## [What to produce]
Here is the task for the listing below: output exactly the lines from the one containing "Fairfax Tru Value Bracelet - A" through the one containing "Surfer riding a wave in Waikiki", and leave out the pictures.

## [Data extracts]
= Beginning of Section =

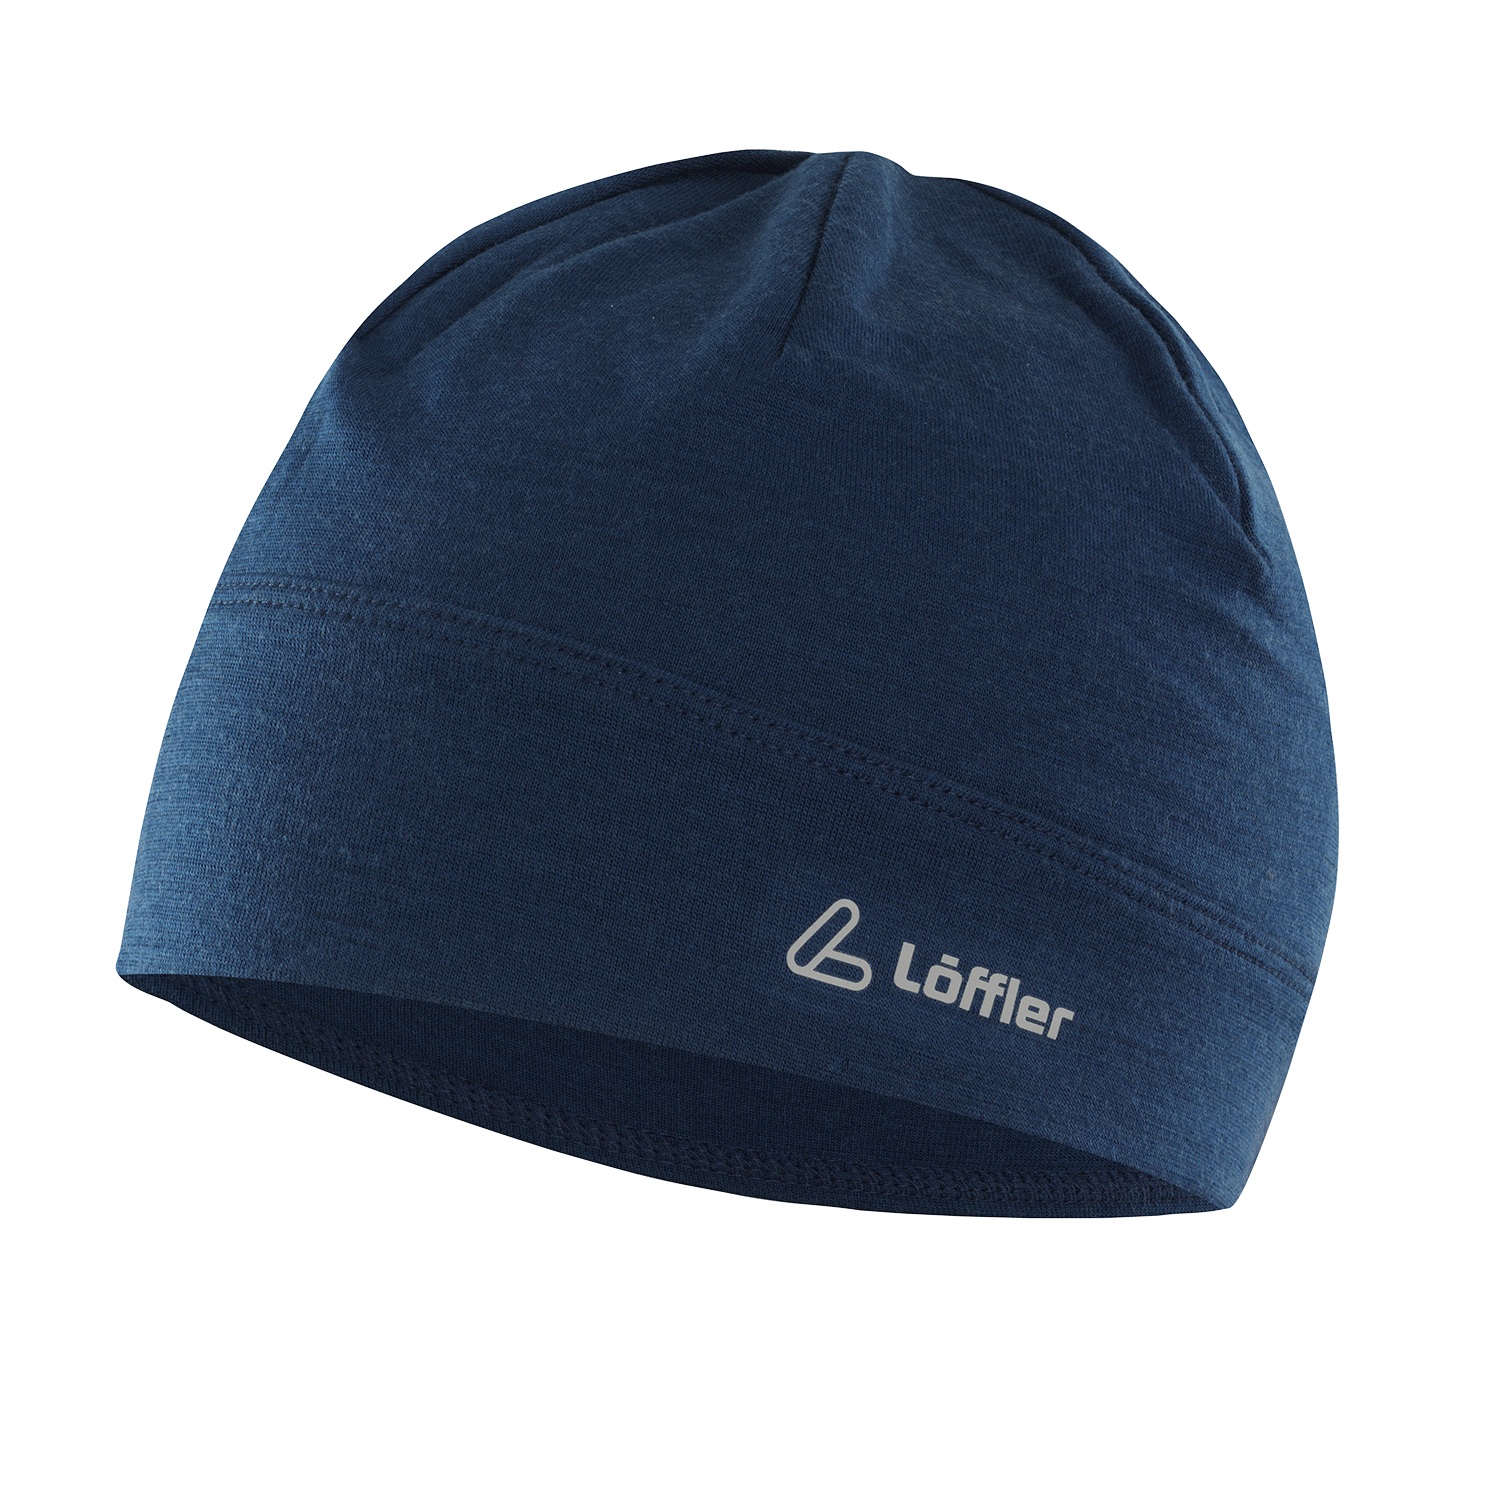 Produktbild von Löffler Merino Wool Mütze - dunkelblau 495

= End of Section =
= Beginning of Section =

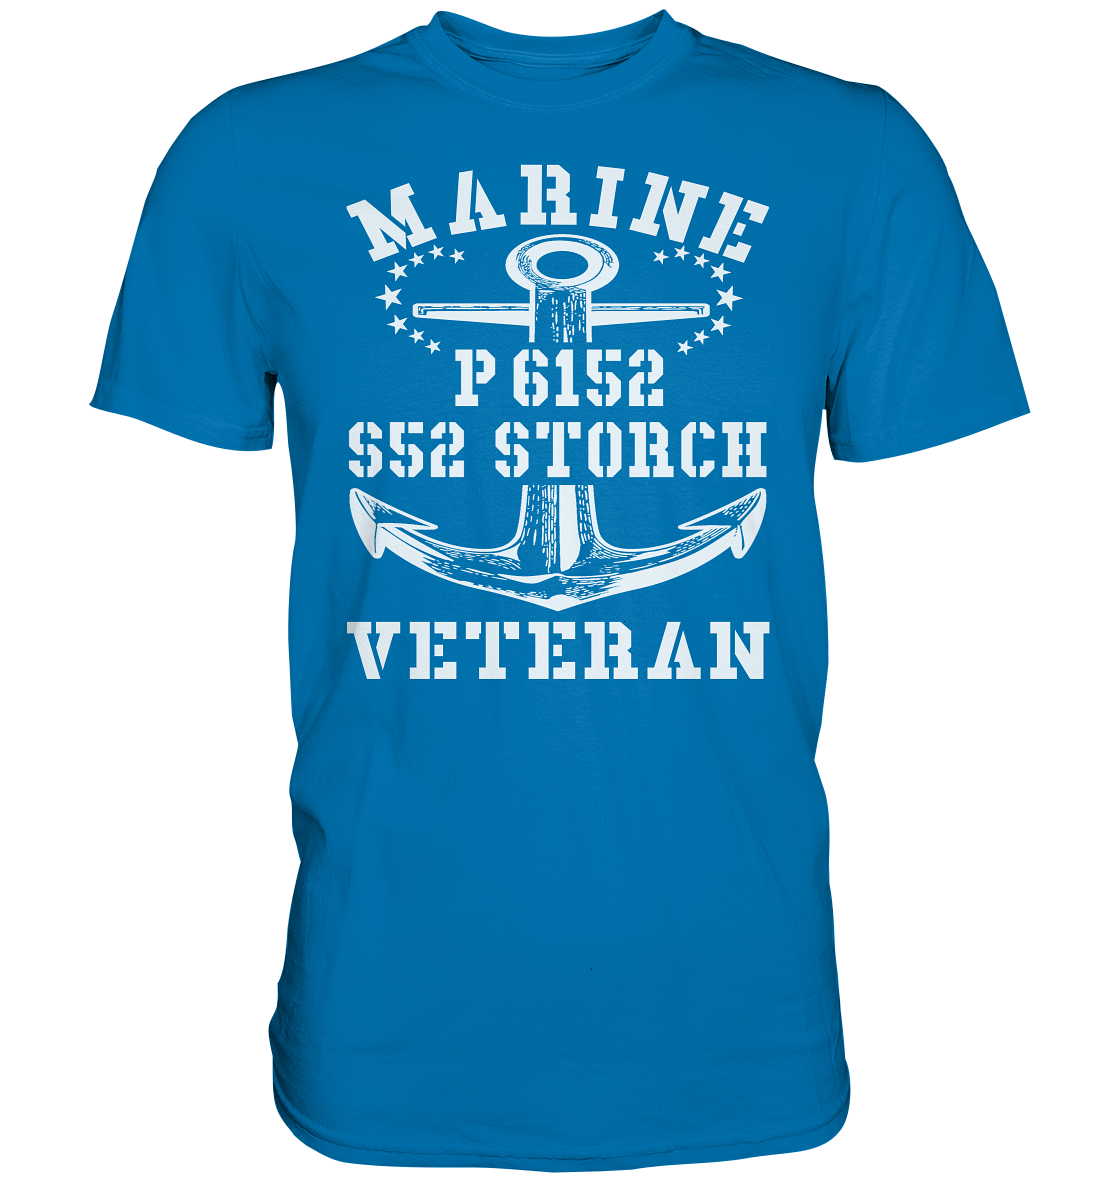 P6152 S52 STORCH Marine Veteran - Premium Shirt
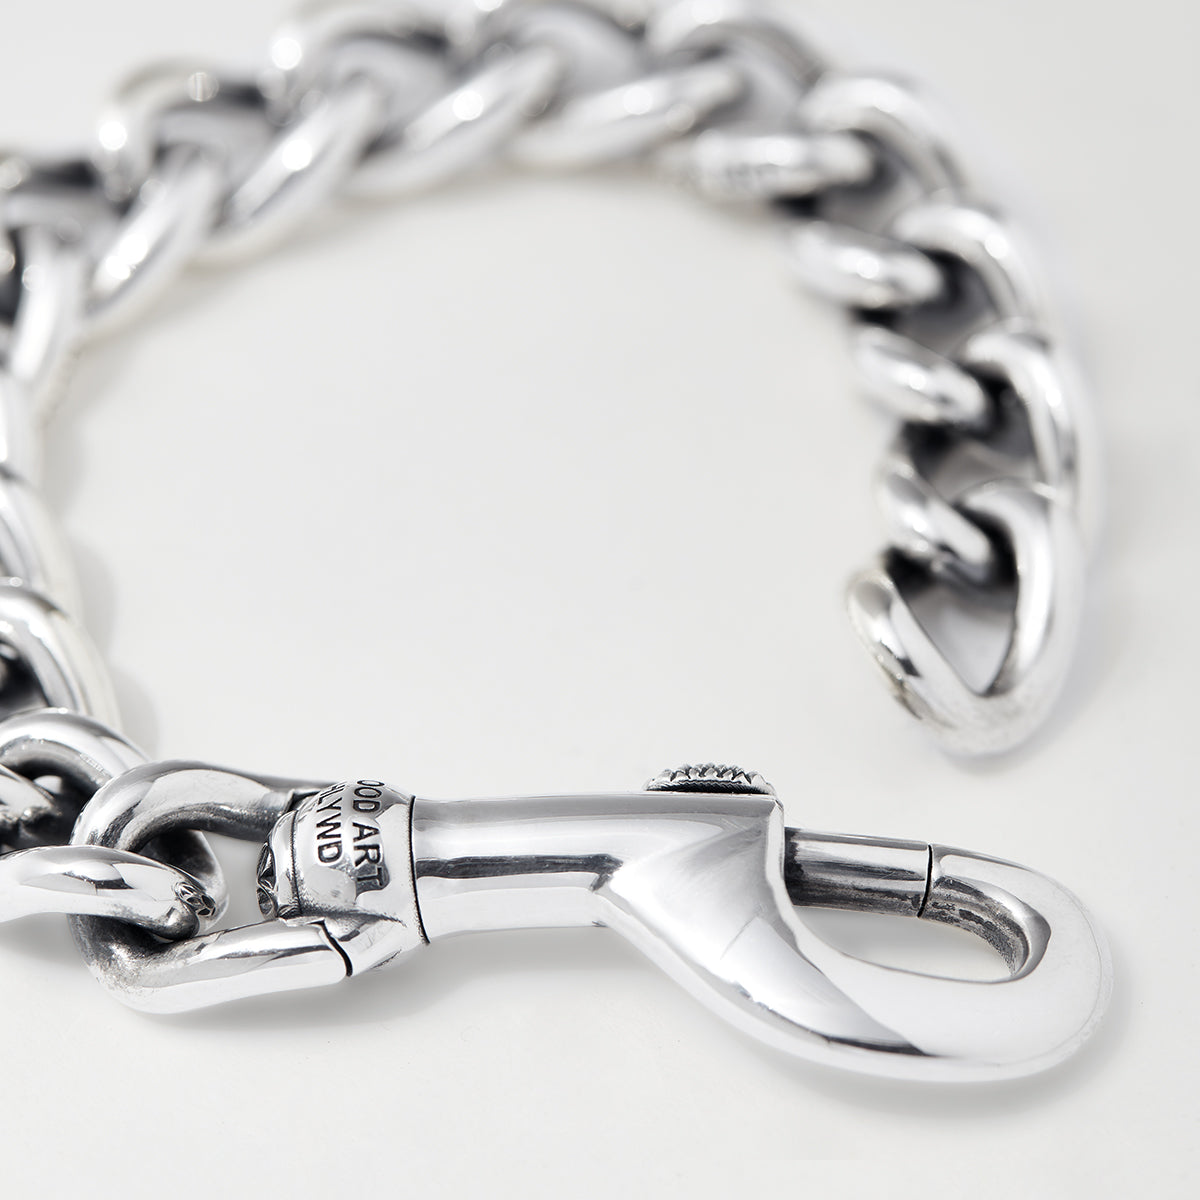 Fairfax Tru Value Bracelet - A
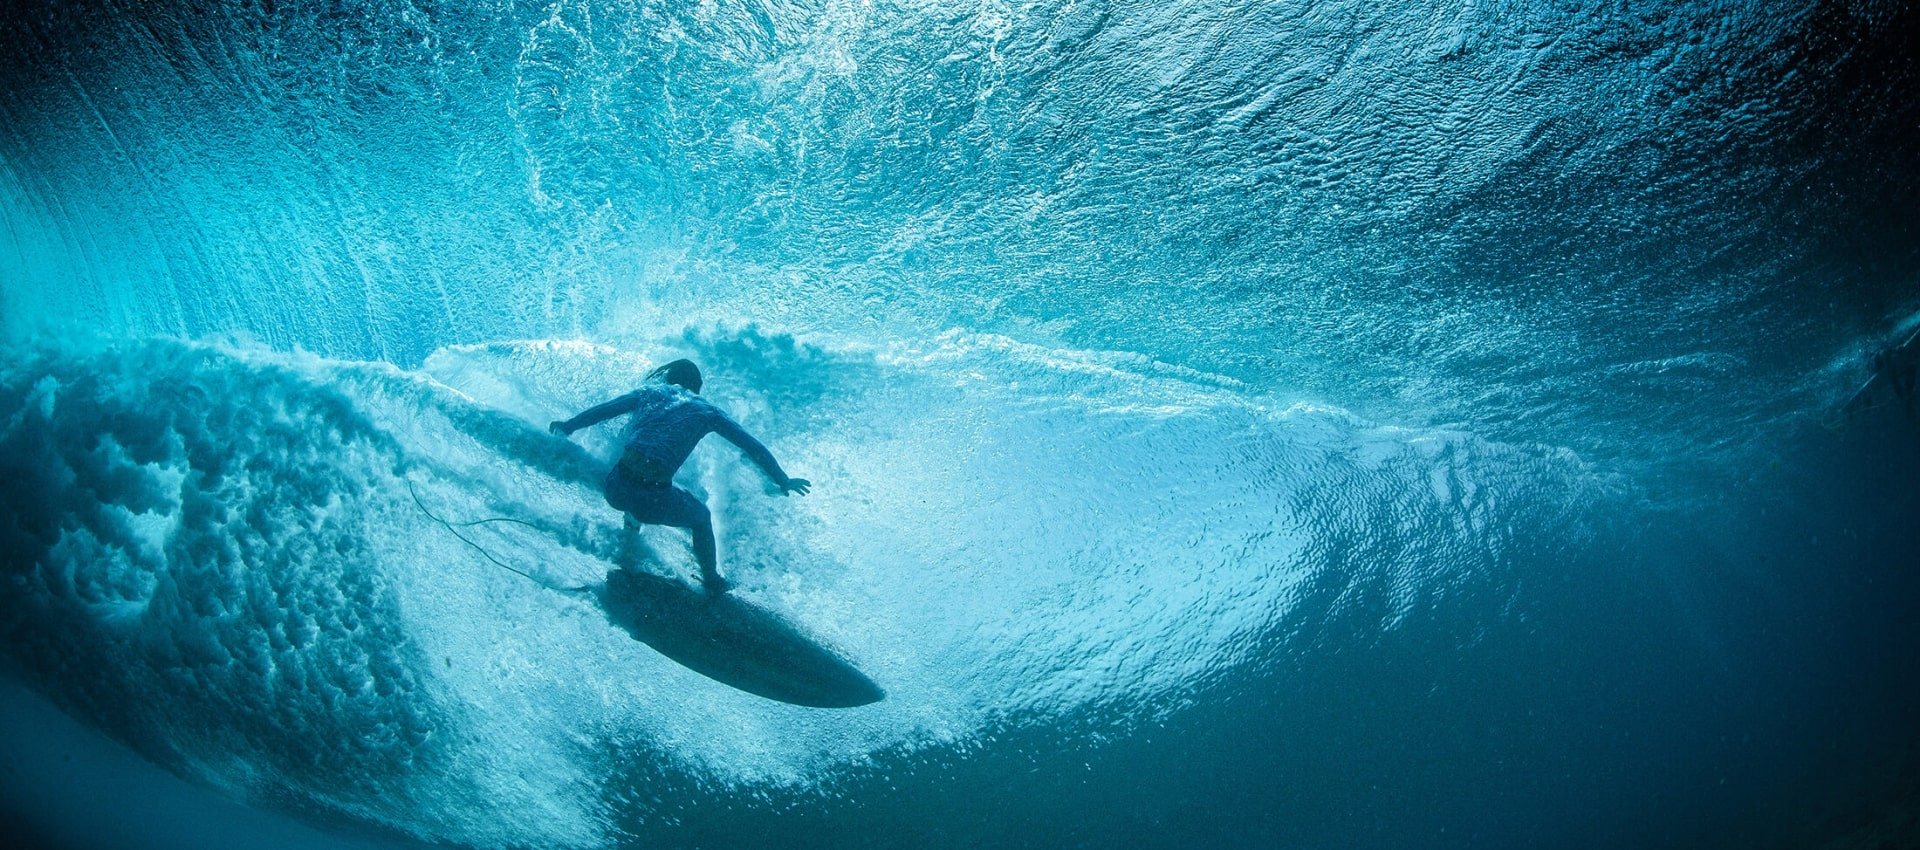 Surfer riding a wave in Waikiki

= End of Section =

## [Response for this exercise]
 Fairfax Tru Value Bracelet - A
 Surfer riding a wave in Waikiki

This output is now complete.